J-M Salaün propose aussi cet éclairant tableau montrant clairement la filiation :

Que faut-il comprendre ? Hé bien que le fait de vivre dans un monde où les données circulent de manière mondiale, en permanence, s’échangent et construisent pour le meilleur et pour le pire une sorte de conversation géante cet Entrenet, ou cette Alchimie des multitudes change la donne, profondément. Nous sommes dans l’ère de la rapidité (pas forcément le zapping, mais aussi le bricolage, le lien, la connexion…) et de la circulation des données.

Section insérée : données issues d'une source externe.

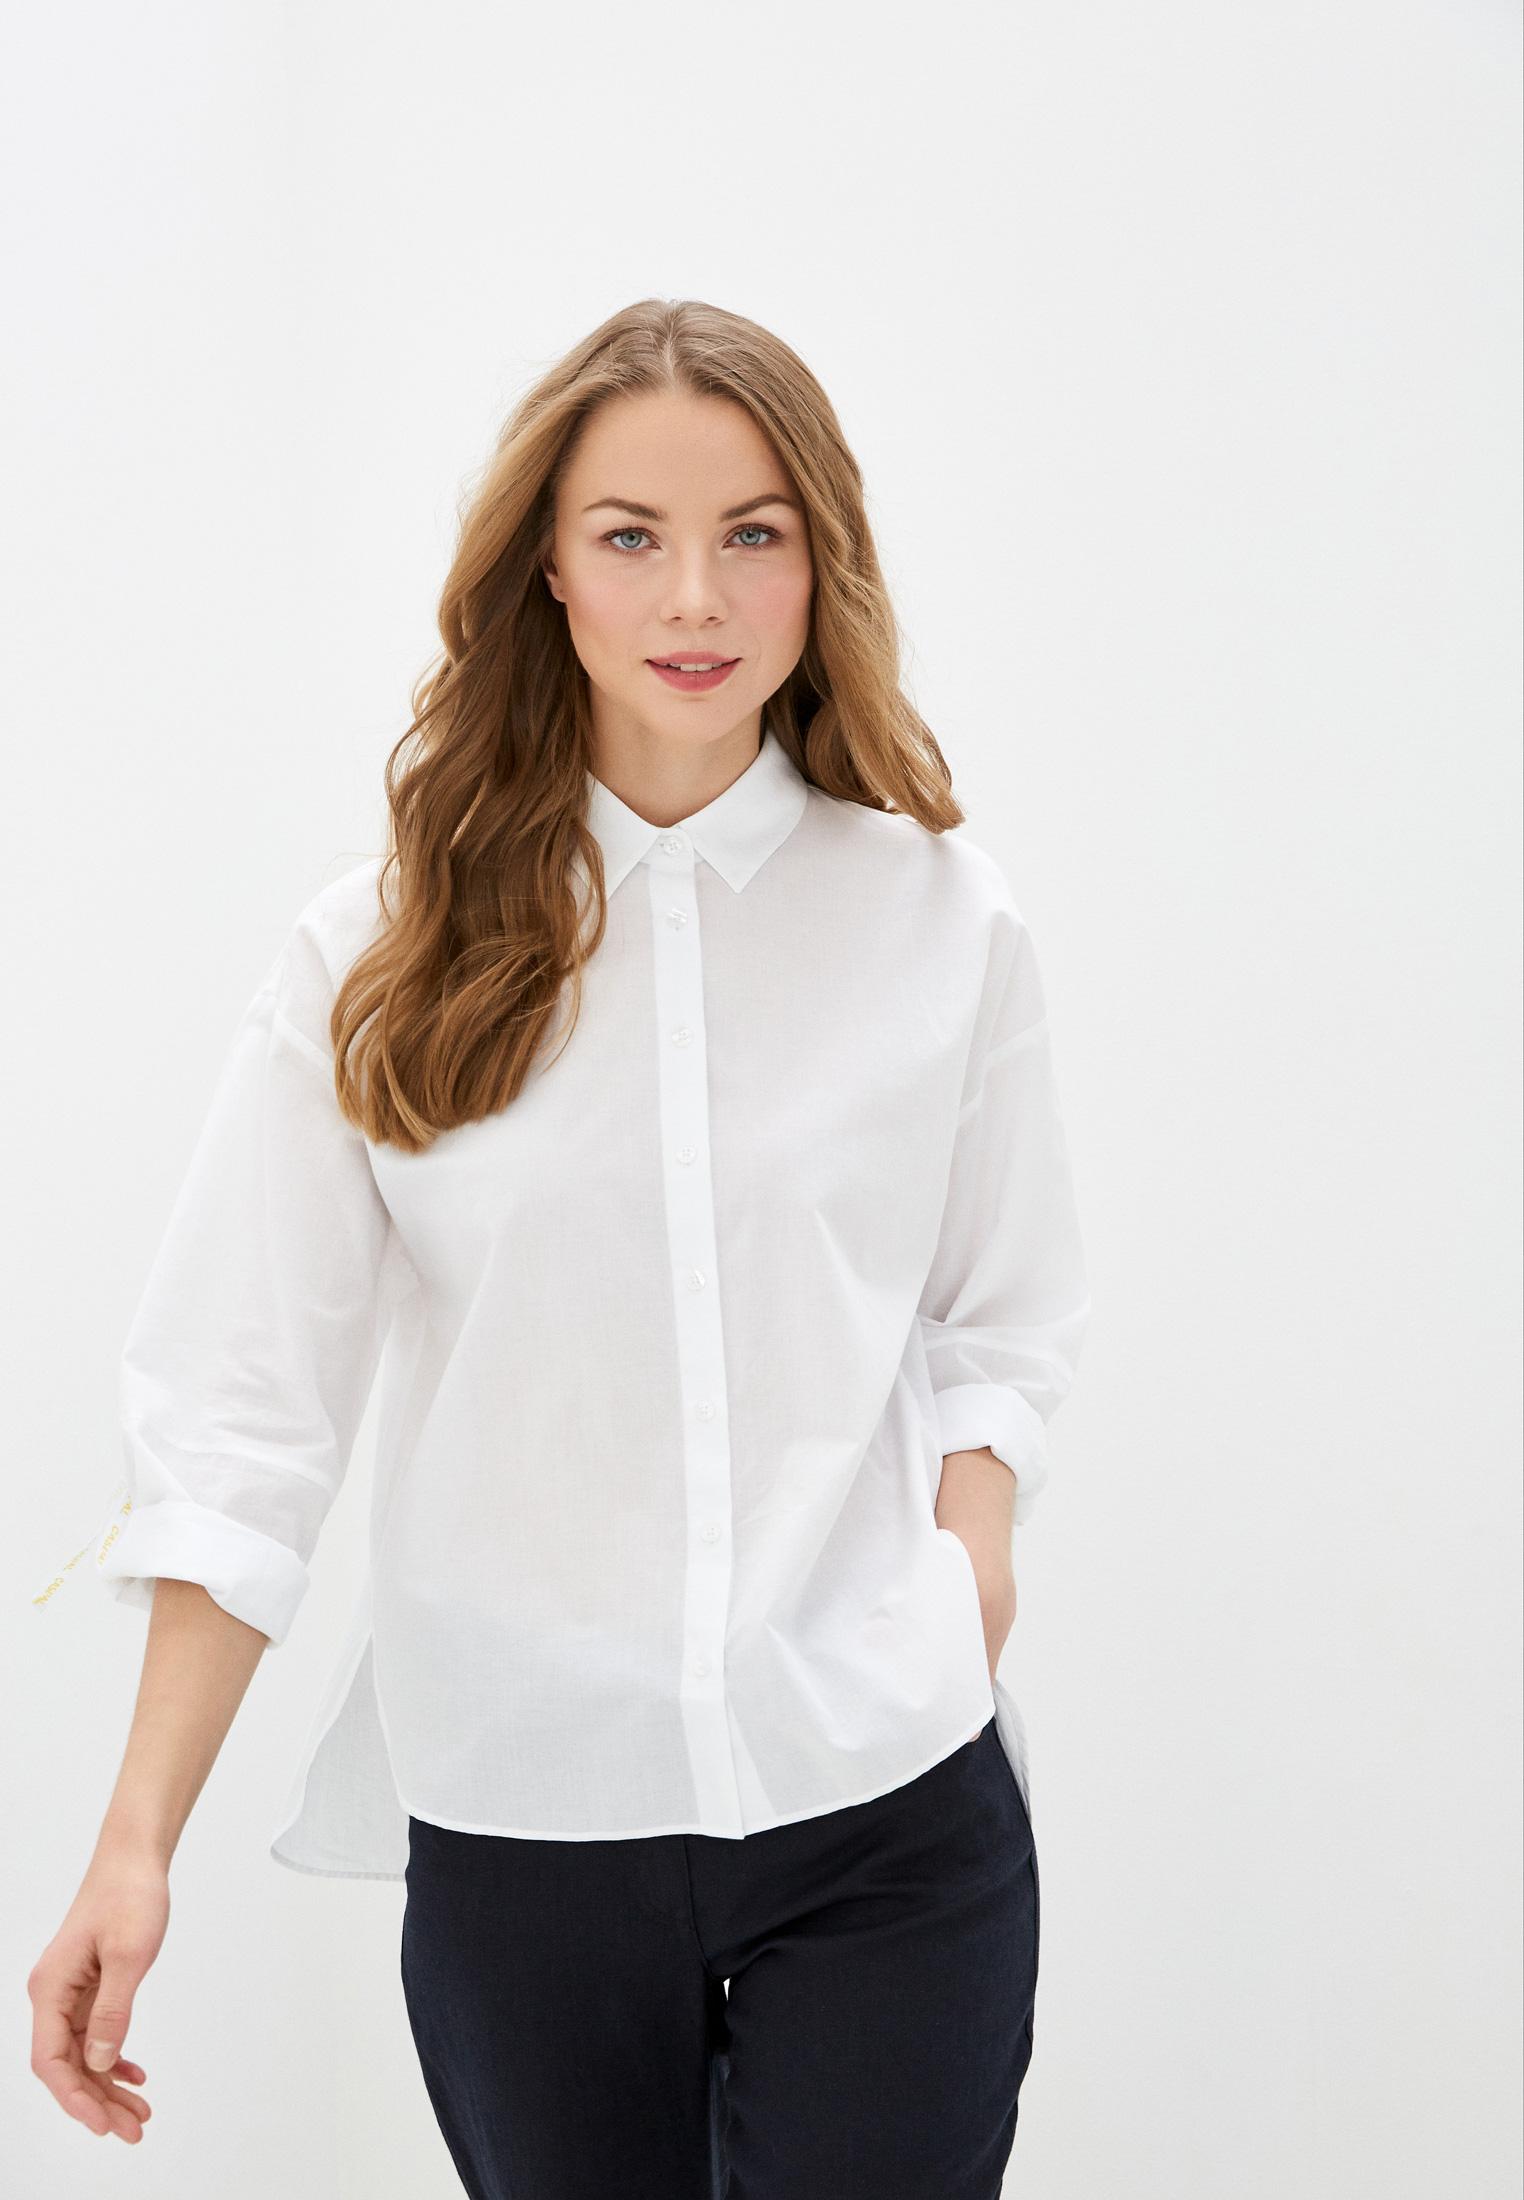 Женские рубашки с длинным рукавом Gerry Weber (Гарри Вебер) 260327-66614

Deux exemples volontairement contradictoires :

1. Songez aussi qu’Amazon vient de proposer une application Sur l’Iphone (216 000 Iphone 3G vendus en France en seulement 3 mois, l’Iphone est ce qui se fait de mieux aujourd’hui en termes d’ergonomie et « d’expérience utilisateur nomade »). Voilà un bel exemple des valeurs portées par la re-documentarisation : efficacité, nomadisme, ubiquité, documentation contextuelle permettant en l’occurence de :

prendre une photo d’un objet, de l’envoyer sur son compte Amazon. La photo est stockée, pour que vous vous en rappelliez (fonction ‘Remember’) mais ce n’est pas tout : Amazon essaie de faire correspondre la photo avec un produit de sa base. Si cela fonctionne vous avez en retour le prix et un lien d’achat.

2. Songez que l‘écrivain québécois Nicolas Dickner répondant à une question d’un de ses élèves : « ça sert à quoi de lire ? » a trouvé la réponse suivante (contestable parce qu’il existe plusieurs types de lectures, mais significative d’un changement profond, je trouve) : le livre comme machine à courber de temps (si vous avez aimez, ne ratez pas belle contribution au débat sur le blog Textes)

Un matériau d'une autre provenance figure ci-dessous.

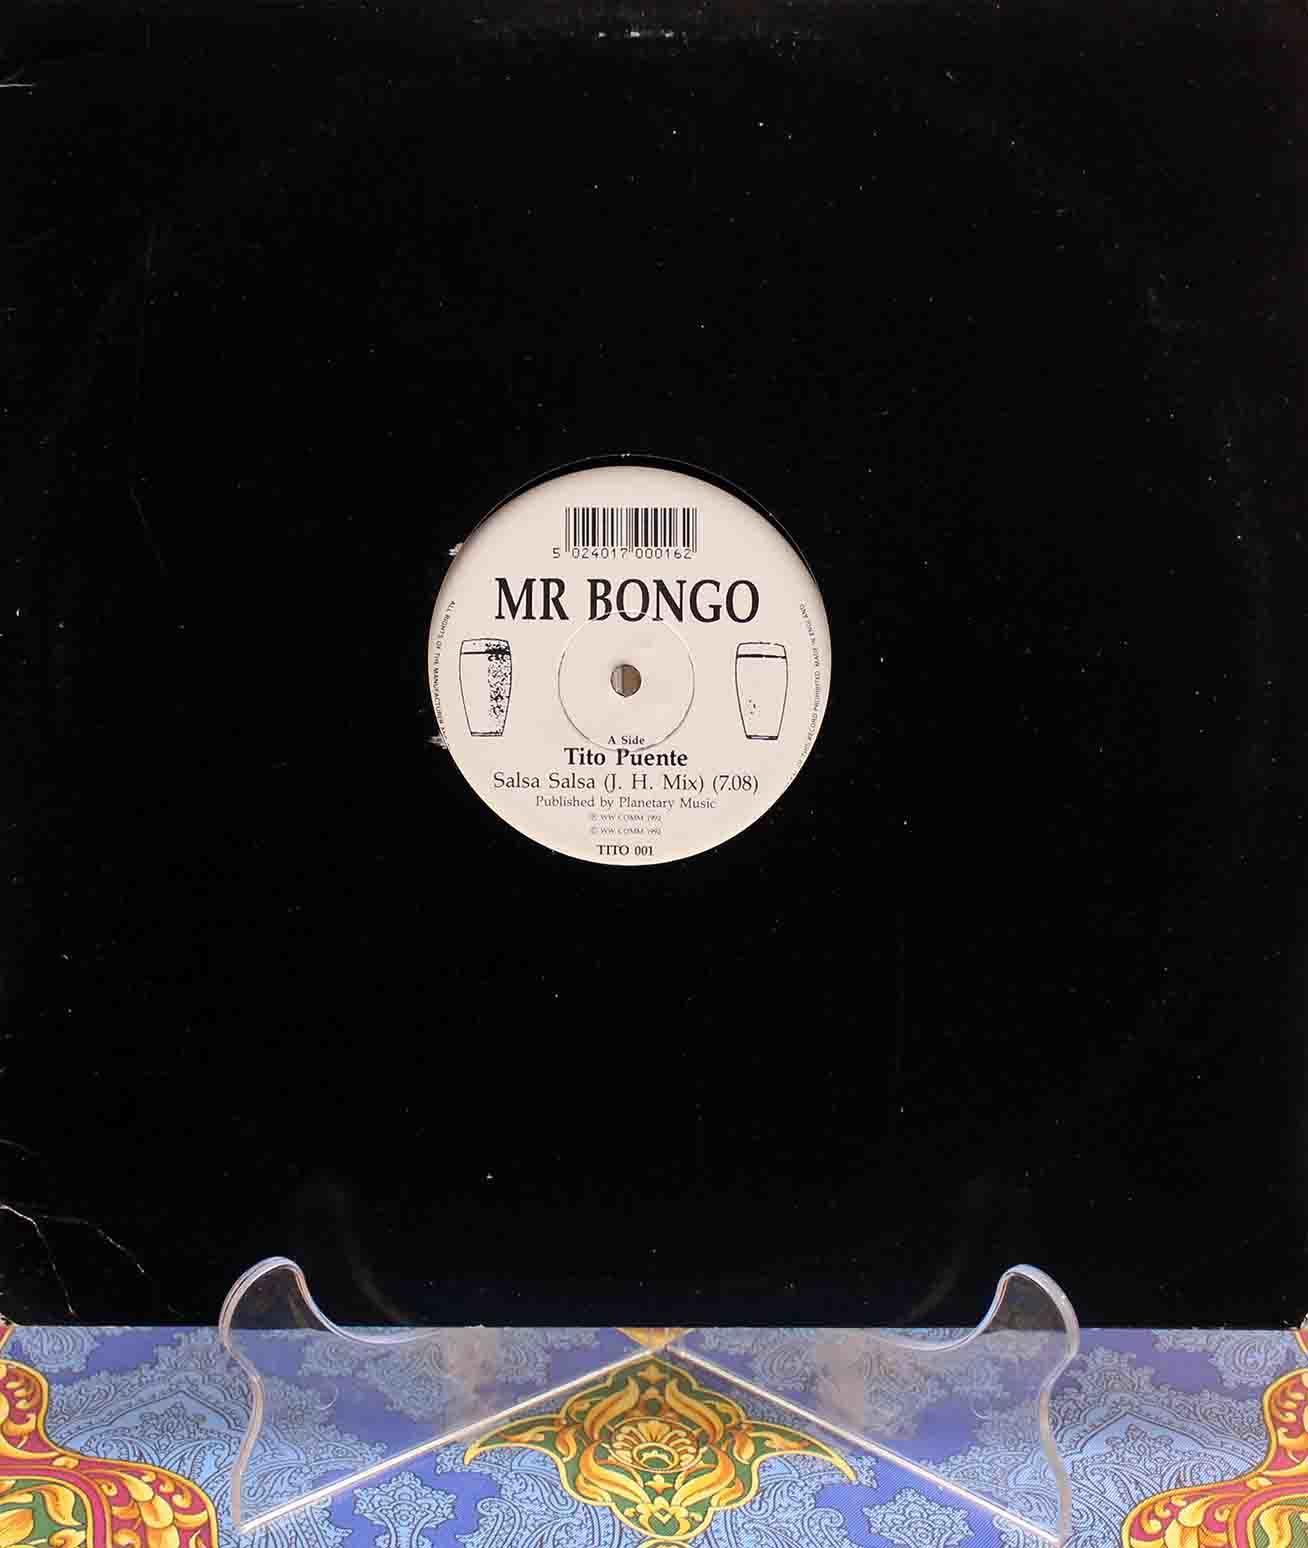 Tito Puente - Oye Como Va 02

Le livre (…) demeure l’un des seuls objets culturels qui exigent de tout arrêter. Pour exister, il nécessite une attention exclusive. Impossible de lire un bouquin en pensant à autre chose. Dans un monde multitâche, consacrer tout son temps à une seule activité revient à perdre son temps – ce qui explique sans doute en partie pourquoi on lit moins de livres qu’auparavant. L’intérêt du livre se trouve pourtant là: il exige certes plus d’effort, mais il dilate les heures. Le livre est, en somme, une machine à courber le temps.